AIM OF THE TASK :: Without including any pictures, reproduce all the lines below word for word.

COLLECTED DATA ::
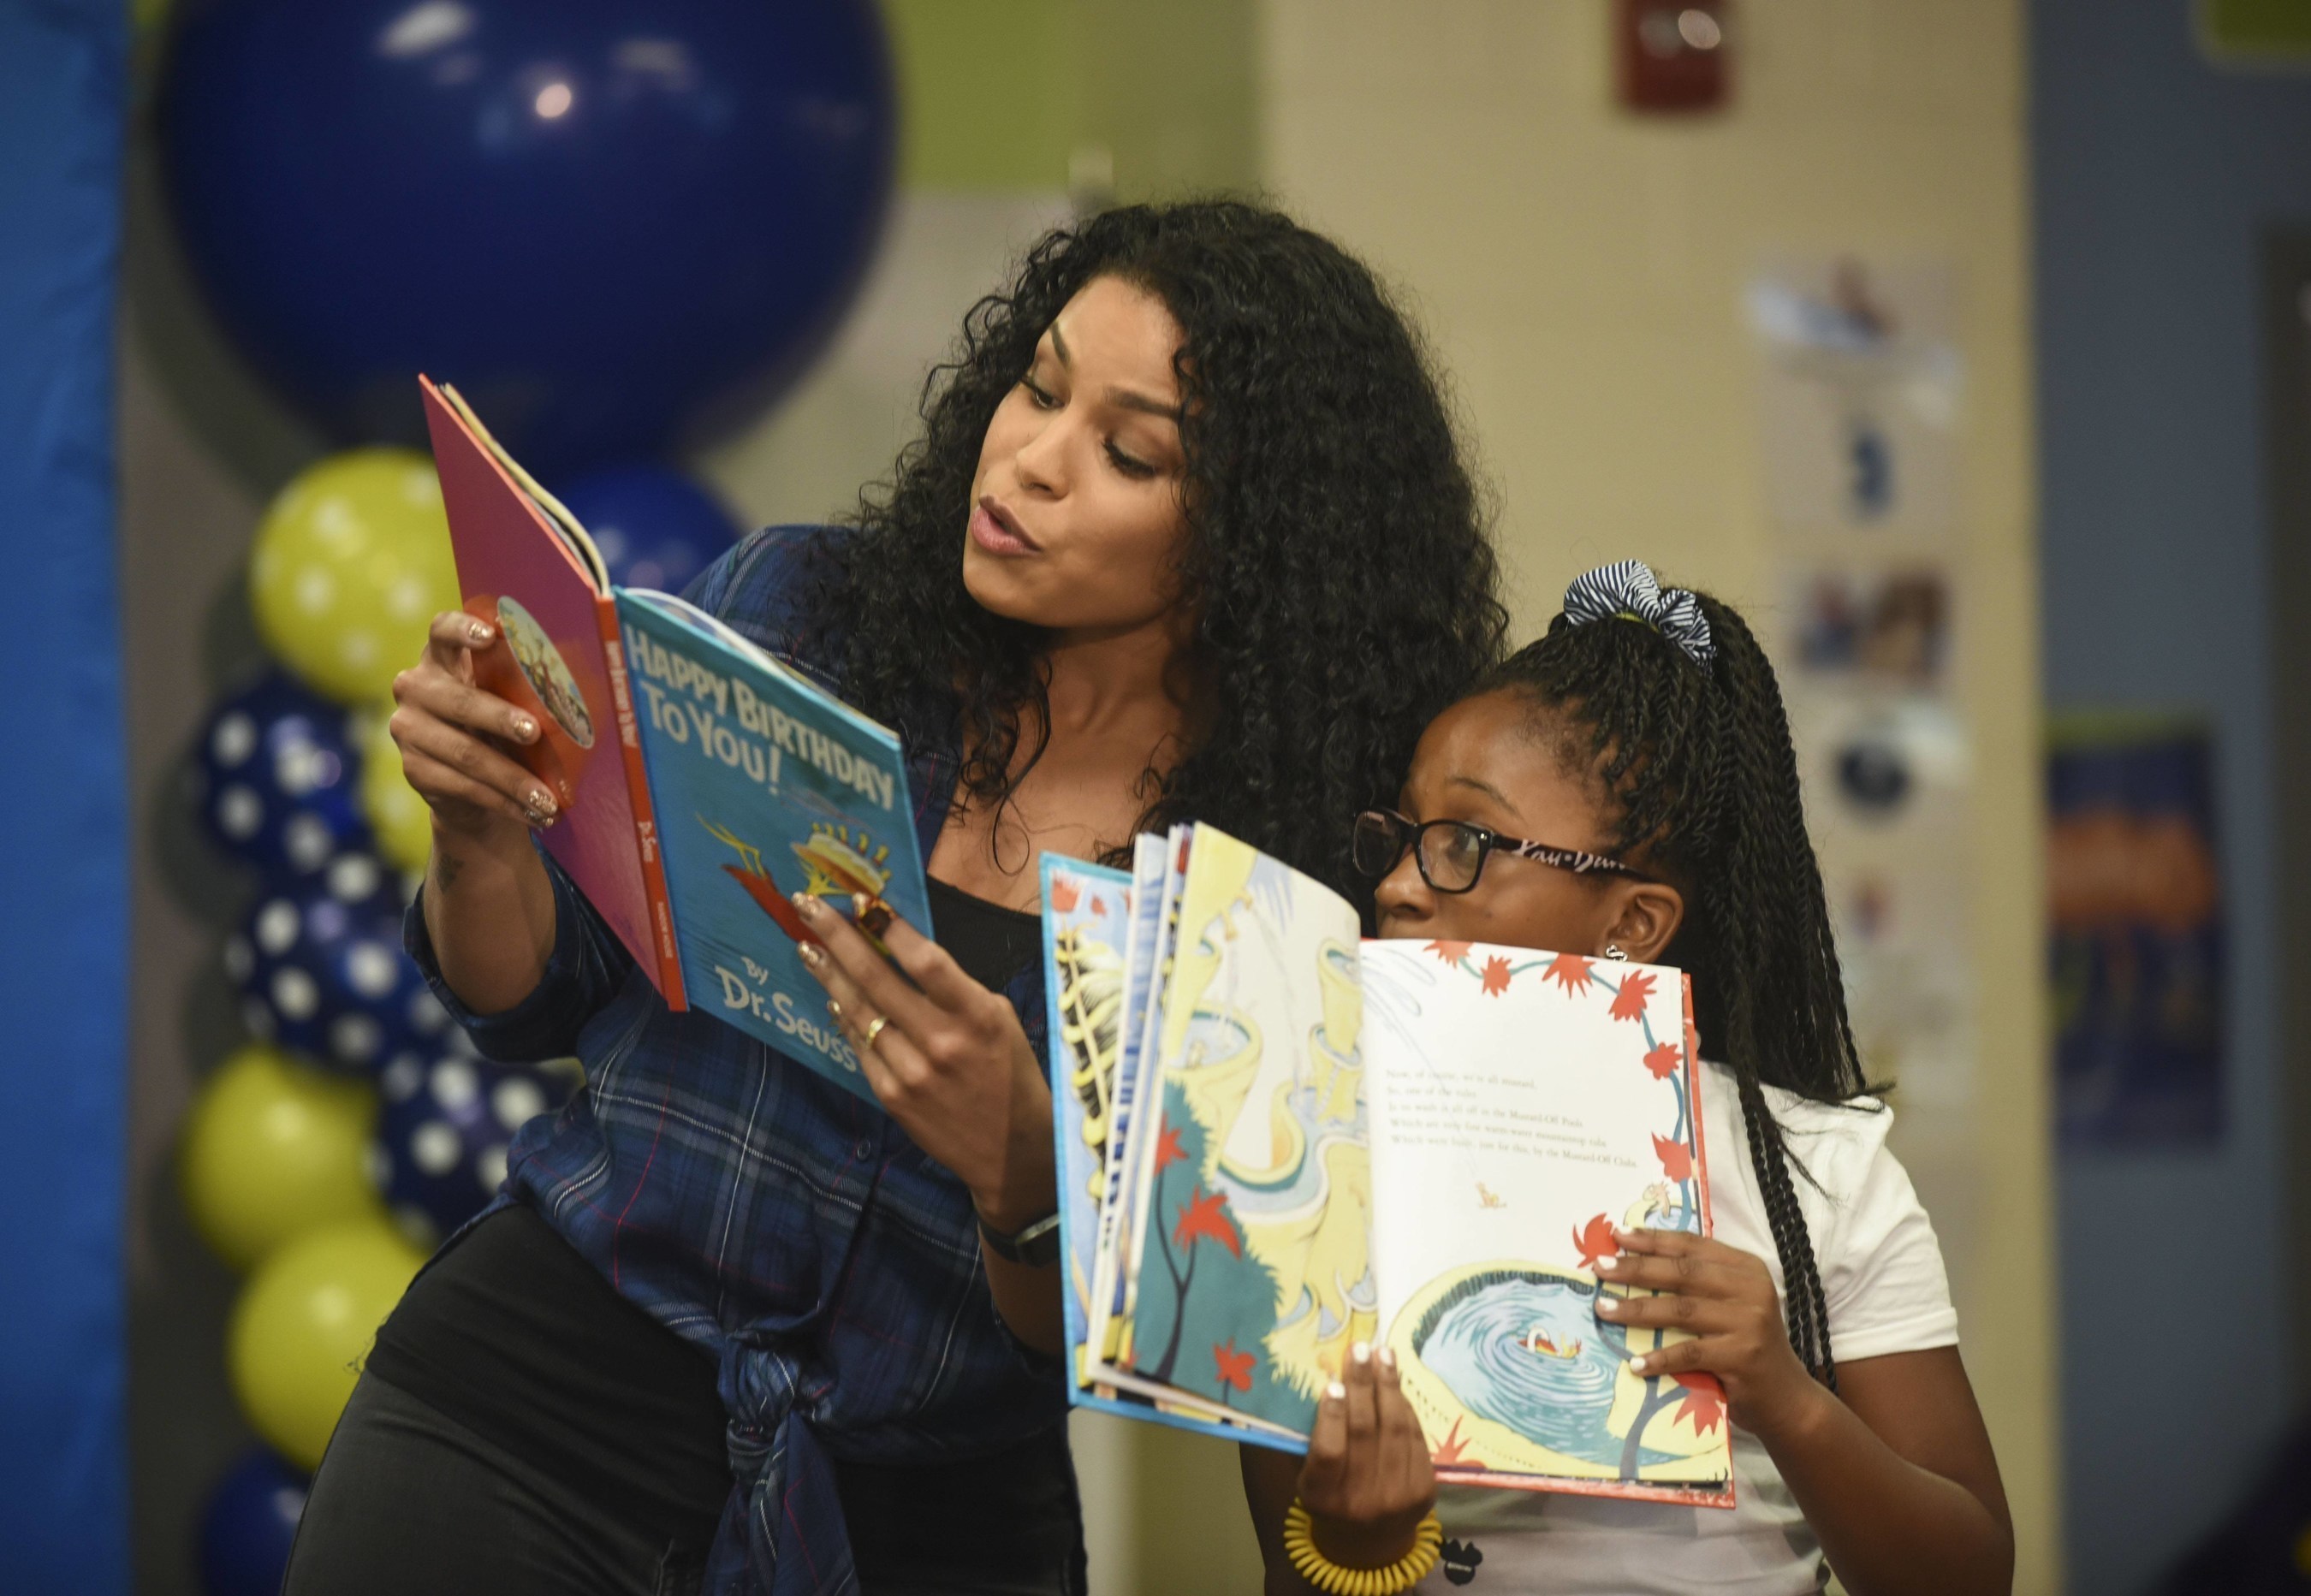 Singer and actress Jordin Sparks reads from Dr. Seuss' "Happy Birthday to You!" with a student from Amidon-Bowen Elementary School during Reading Is Fundamental's 50th Anniversary on Wednesday, Sept. 14, 2016, in Washington. (Kevin Wolf/AP Images for Reading Is Fundamental)
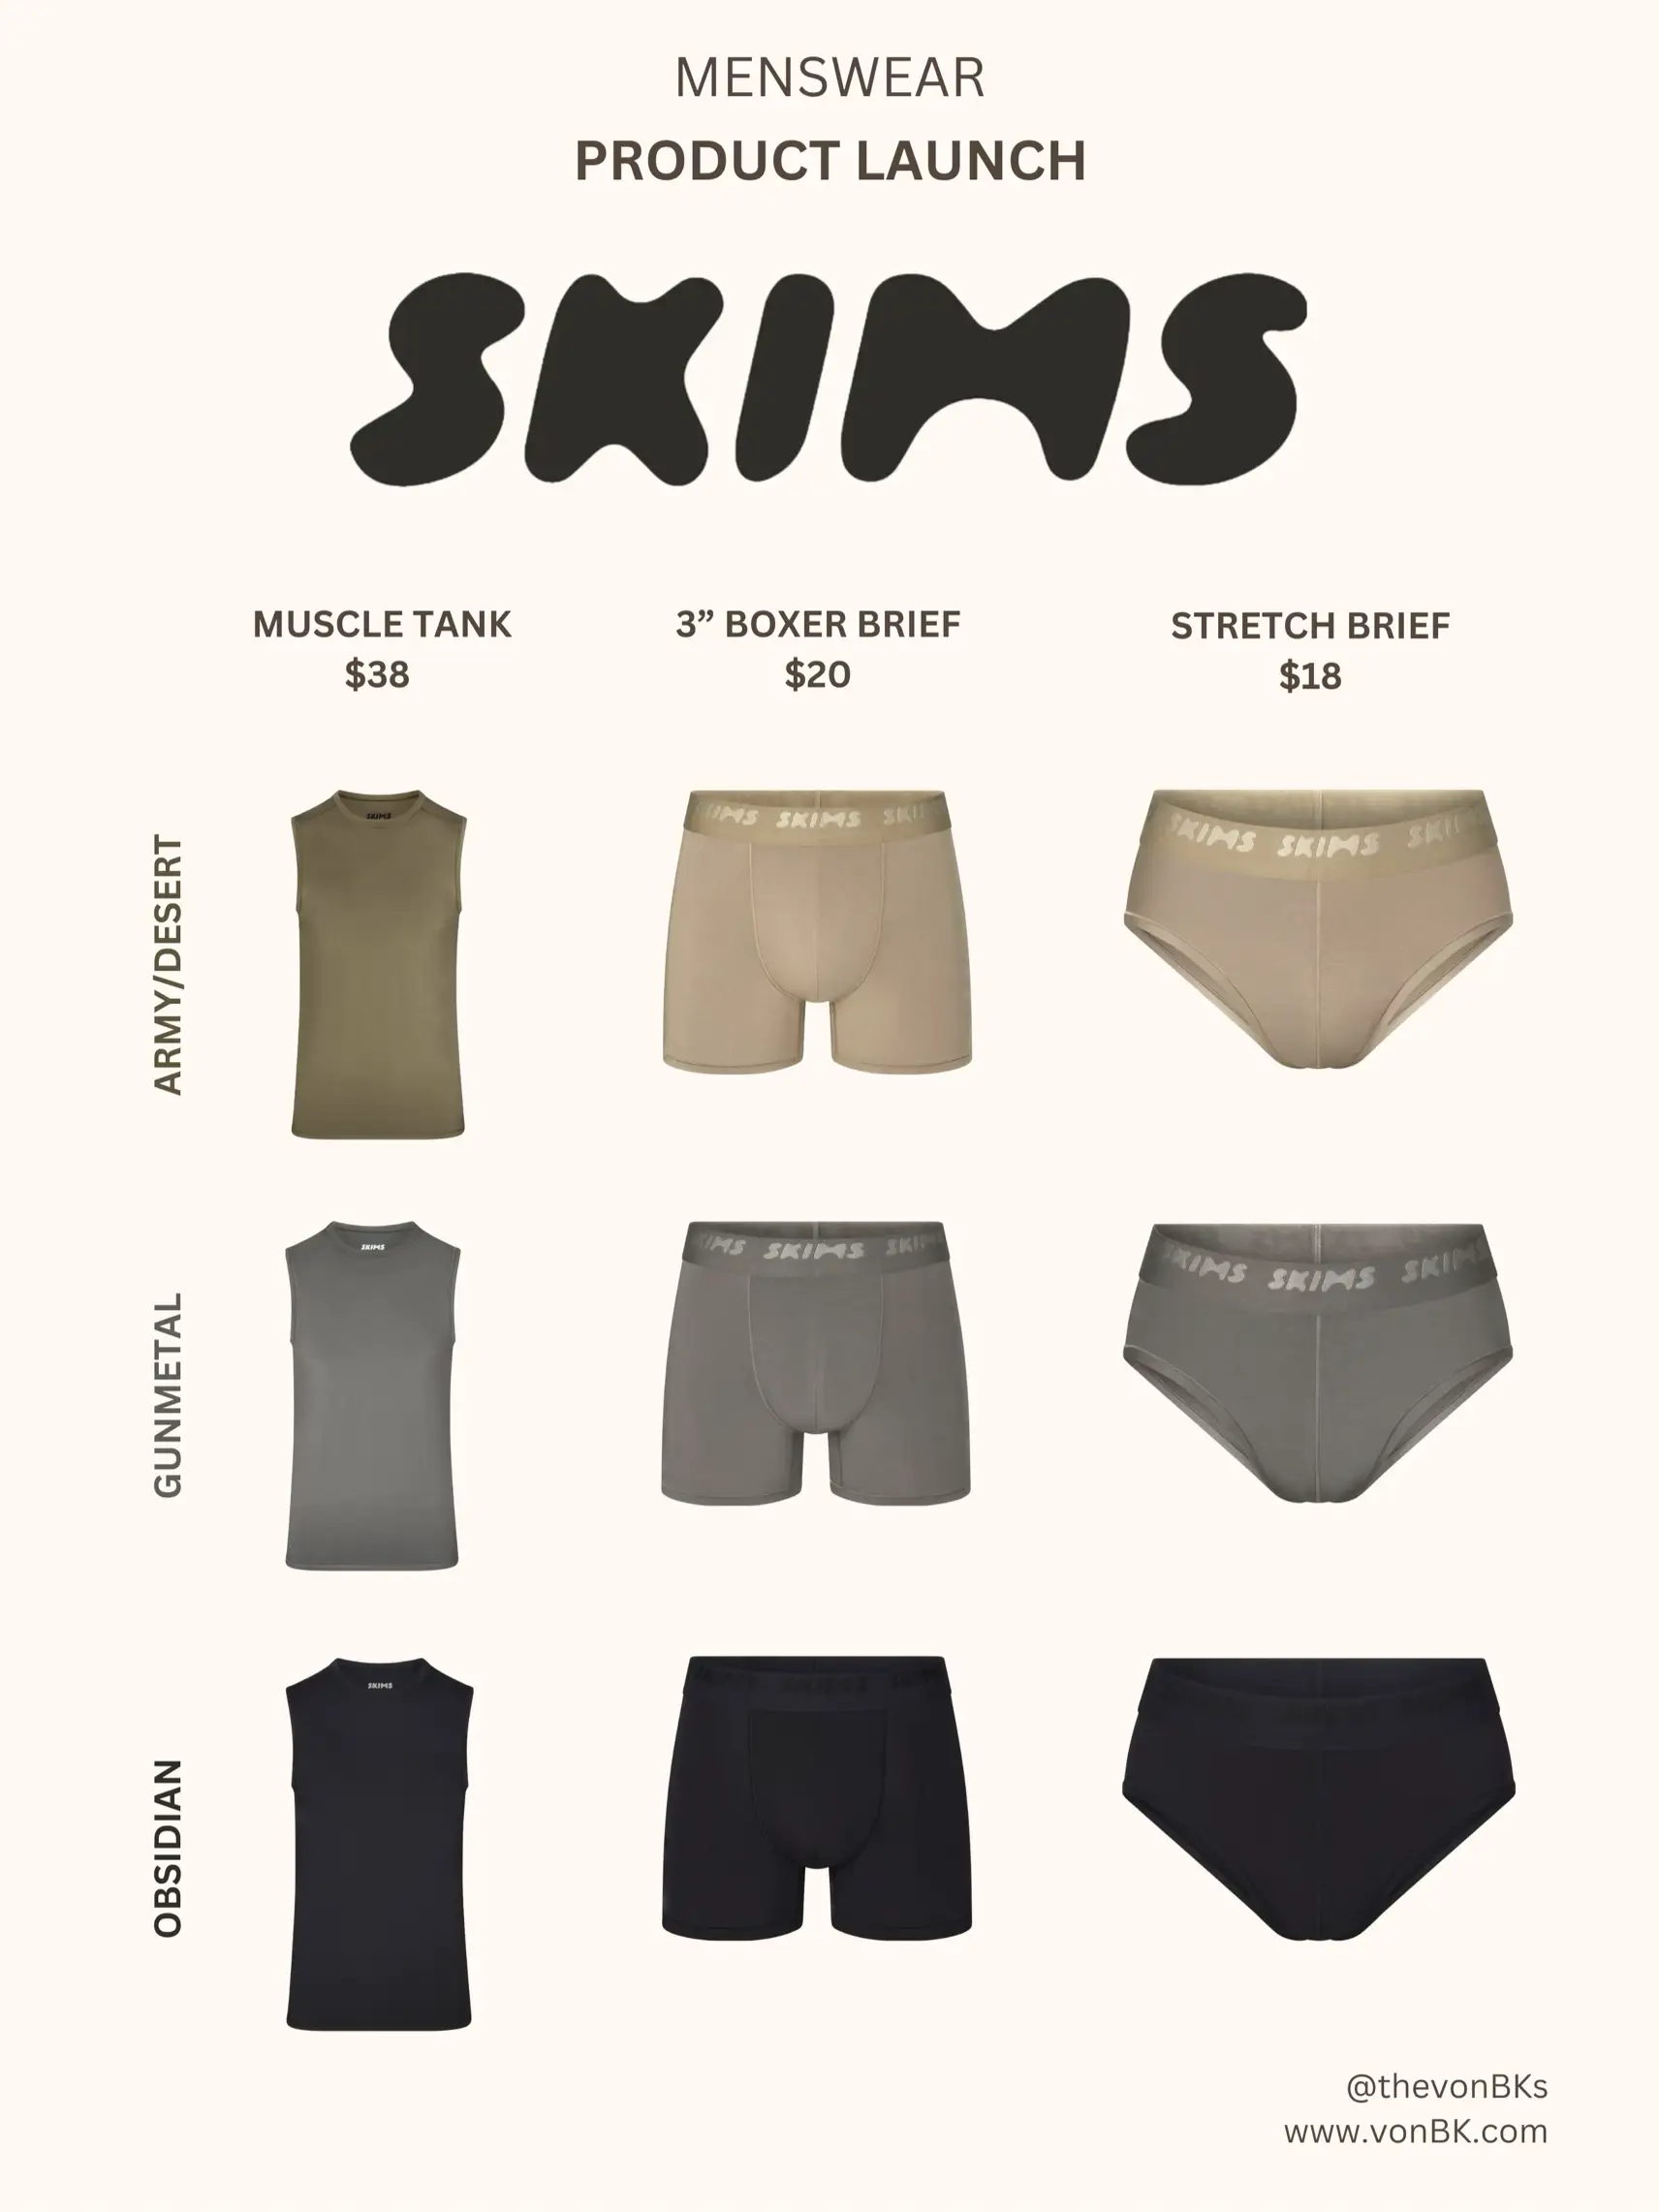 SKIMS for men is here!, Gallery posted by The vonBKs
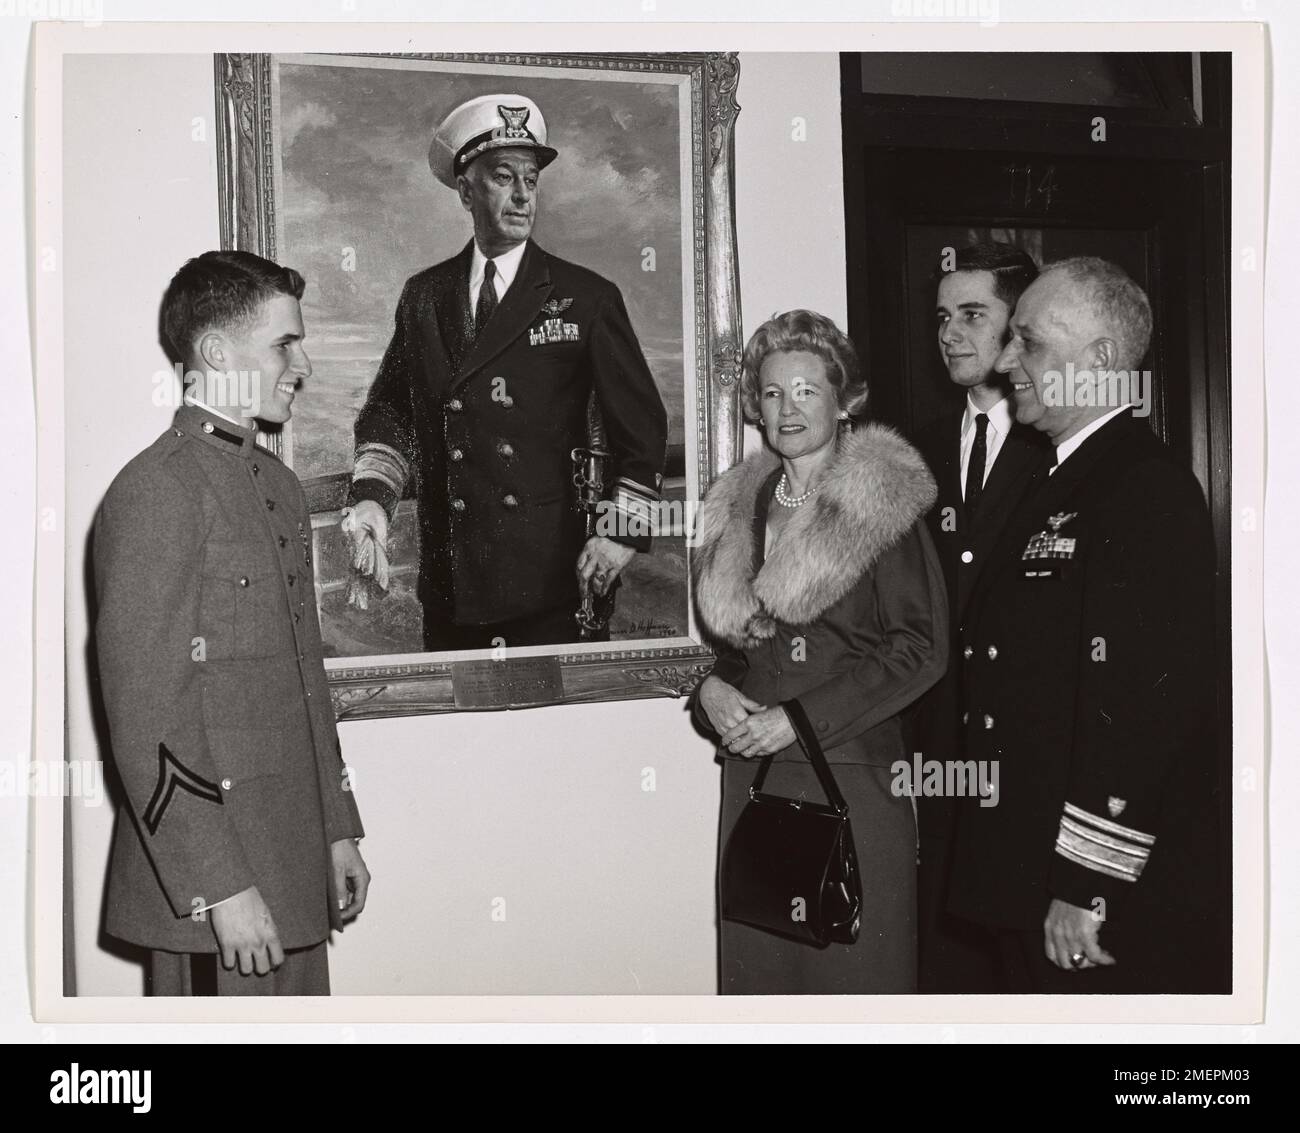 Painting of Rear Admiral Frank A. Leamy. Picture shows a group standing around an oil painting of Frank A. Leamy. Stock Photo

REPLY TO THE TASK ::
 Singer and actress Jordin Sparks reads from Dr. Seuss' "Happy Birthday to You!" with a student from Amidon-Bowen Elementary School during Reading Is Fundamental's 50th Anniversary on Wednesday, Sept. 14, 2016, in Washington. (Kevin Wolf/AP Images for Reading Is Fundamental)
 SKIMS for men is here!, Gallery posted by The vonBKs
 Painting of Rear Admiral Frank A. Leamy. Picture shows a group standing around an oil painting of Frank A. Leamy. Stock Photo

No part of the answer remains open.